The cellular mechanisms by which aldosterone induces fibrosis are still under investigation. Initial studies from Weber's laboratory reported that aldosterone stimulated transcription of collagen I mRNA and increased levels of collagen I synthesis in rat cardiac fibroblasts (5, 11). Robert et al. (48) also demonstrated an increase in cardiac type I and type III collagen mRNA in rats made hypertensive with aldosterone and salt treatment. However, other laboratories (21, 37) could not confirm these findings. They proposed that aldosterone does not influence fibroblast collagen synthesis directly but increases endothelin receptor number, which leads to increased collagen synthesis (21). These studies are difficult to interpret, because the effect of aldosterone to increase cardiac fibrosis occurs over a long period of time and may not be detectable in an in vitro culture system. This topic is reviewed in depth by Slight et al. (56).Plasminogen activator inhibitor-1. Aldosterone may have a role in the regulation of plasminogen activator inhibitor-1 (PAI-1) (8, 9). Although aldosterone had no direct effect on PAI-1 activity in vitro, it did enhance the stimulatory effect of angiotensin II on PAI-1 activity. In a rat model of radiation-induced glomerulosclerosis, spironolactone decreased the degree of sclerosis and the level of PAI-1 mRNA expression (10).
Effects on vascular tone.
Aldosterone also modulates vascular tone, although the exact mechanisms
remain to be elucidated. Possible mechanisms include increased
vasoconstrictive effects of catecholamines through decreased tissue
catecholamine uptake (65), impaired vasodilatation in response to acetylcholine (60), upregulation of
-adrenergic (34) and angiotensin II (50,
51) receptors, and a direct aldosterone effect, possibly through
nongenomic mechanisms. There is evidence that aldosterone also affects
vascular SMC via MR, causing transmembrane influx of sodium and
potentiating angiotensin II-induced leucine incorporation into SMC in
vitro (31). These mechanisms may be involved in
hypertrophy of SMC. Aldosterone administration, in nonpressor doses,
augmented neointimal thickening in the rabbit iliac artery after
balloon-induced vascular injury. Conversely, spironolactone
administration reduced the thickening compared with both aldosterone
and control groups (61). Wang et al.
(65) demonstrated that perfusion of the carotid
sinus with aldosterone reduced baroreceptor discharge in the dog,
and a similar finding has been reported in humans (59).

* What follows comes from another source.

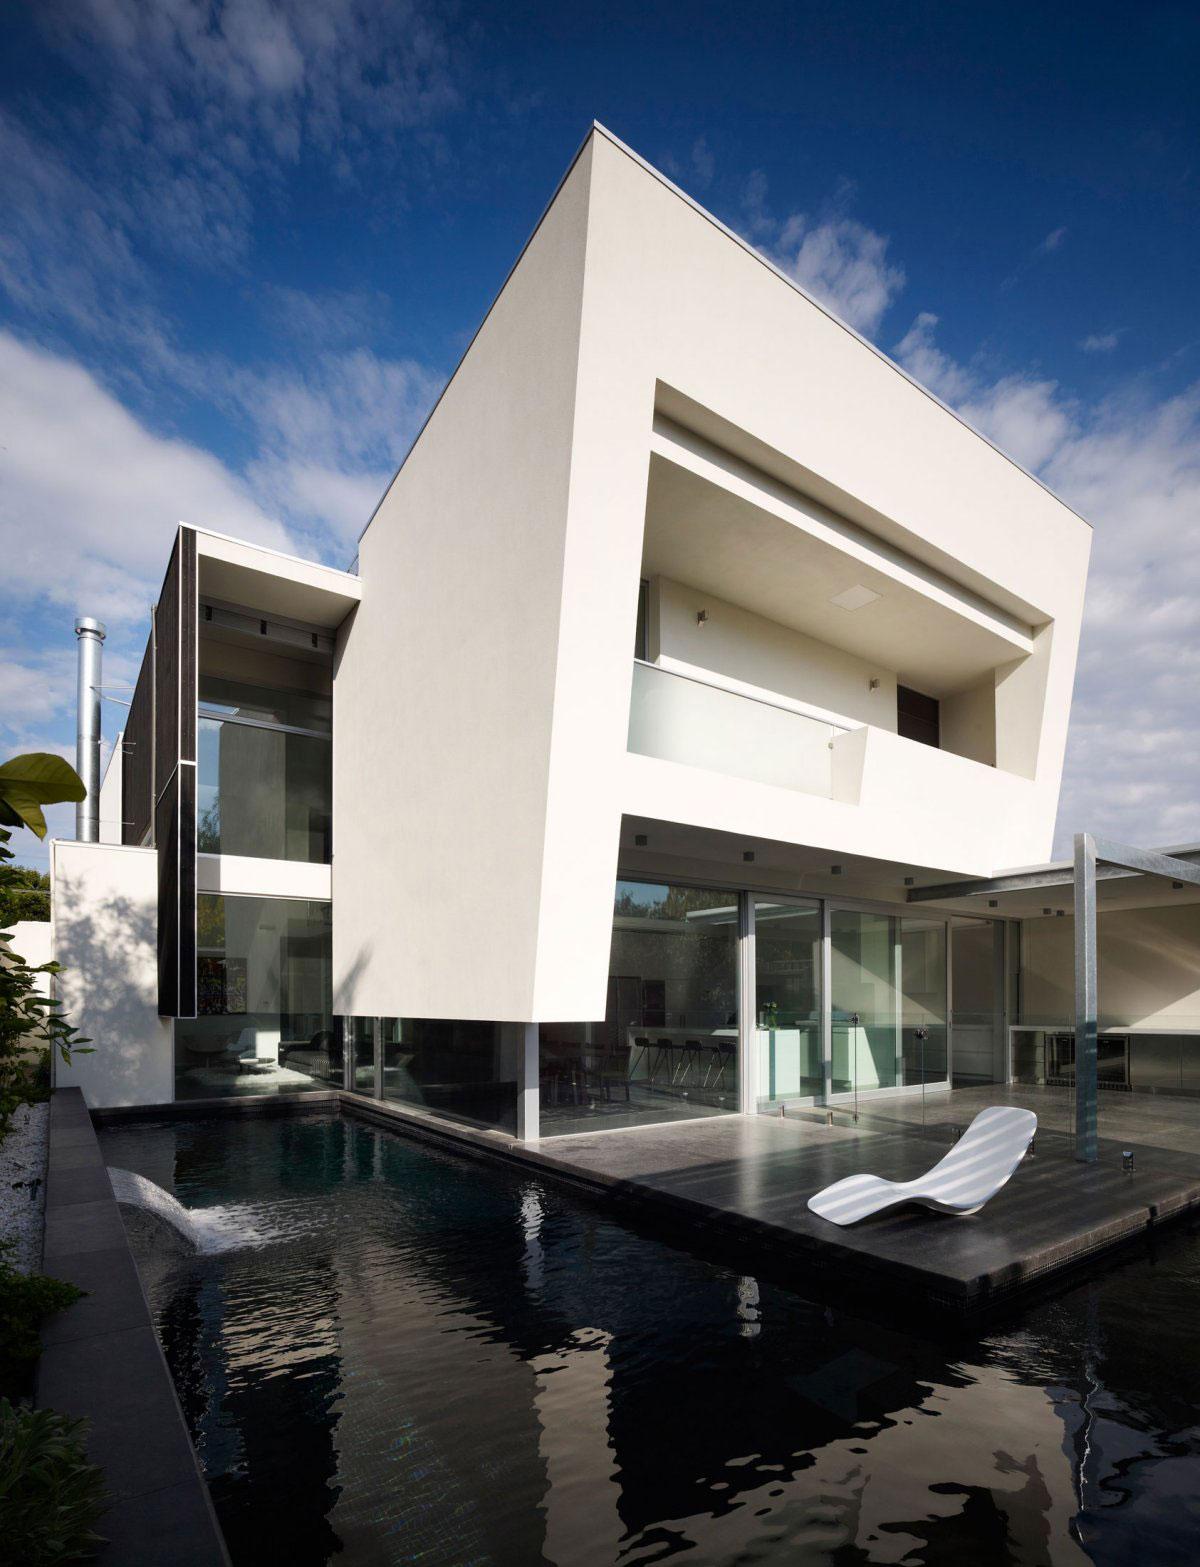 Robinson-Road-House-by-Steve-Domoney-Architecture Australisk arkitektur och några vackra hus för att inspirera dig

Cerebrovascular effects. Studies in stroke-prone spontaneously hypertensive rats have indicated a possible role for aldosterone in vascular remodeling and stroke. Spironolactone treatment in these animals did not reduce blood pressure but did prevent spontaneous cerebral infarction (49). Captopril, an angiotensin-converting enzyme inhibitor, also prevented cerebral infarction, but coadministration of aldosterone reversed the captopril effect (42, 57). Dorrance et al. (19) reported that spironolactone treatment reduced the size of cerebral infarcts induced by middle cerebral artery ligation. These authors also found that mineralocorticoid treatment increased vascular expression of receptors for epidermal growth factor (EGF). They proposed that aldosterone increases vascular remodeling by increasing vascular EGF receptor activity (19).
Local biosynthesis.
In addition to effects of circulating mineralocorticoids on the heart,
local biosynthesis of aldosterone has recently been reported and may
have physiological or pathophysiological importance. In the isolated
rat heart, Silvestre et al. (54) used quantitative reverse
transcription-polymerase chain reaction (RT-PCR) analysis to document
mRNA expression of both aldosterone synthase (CYP11B2) and
11-hydroxylase (CYP11B1), crucial enzymes in the pathway of
mineralocorticoid synthesis. They used celite column chromatography coupled to radioimmunoassay to measure tissue levels of aldosterone. The cardiac aldosterone synthesis pathway is responsive to a
low-sodium/high-potassium diet and to angiotensin II in a manner
similar to that of the adrenal cortex. Silvestre et al. demonstrated
that cardiac aldosterone levels are many times higher than those in
plasma, suggesting that locally synthesized aldosterone within the
heart may be important for local paracrine or autocrine function. The
physiological role of this local system remains to be explored.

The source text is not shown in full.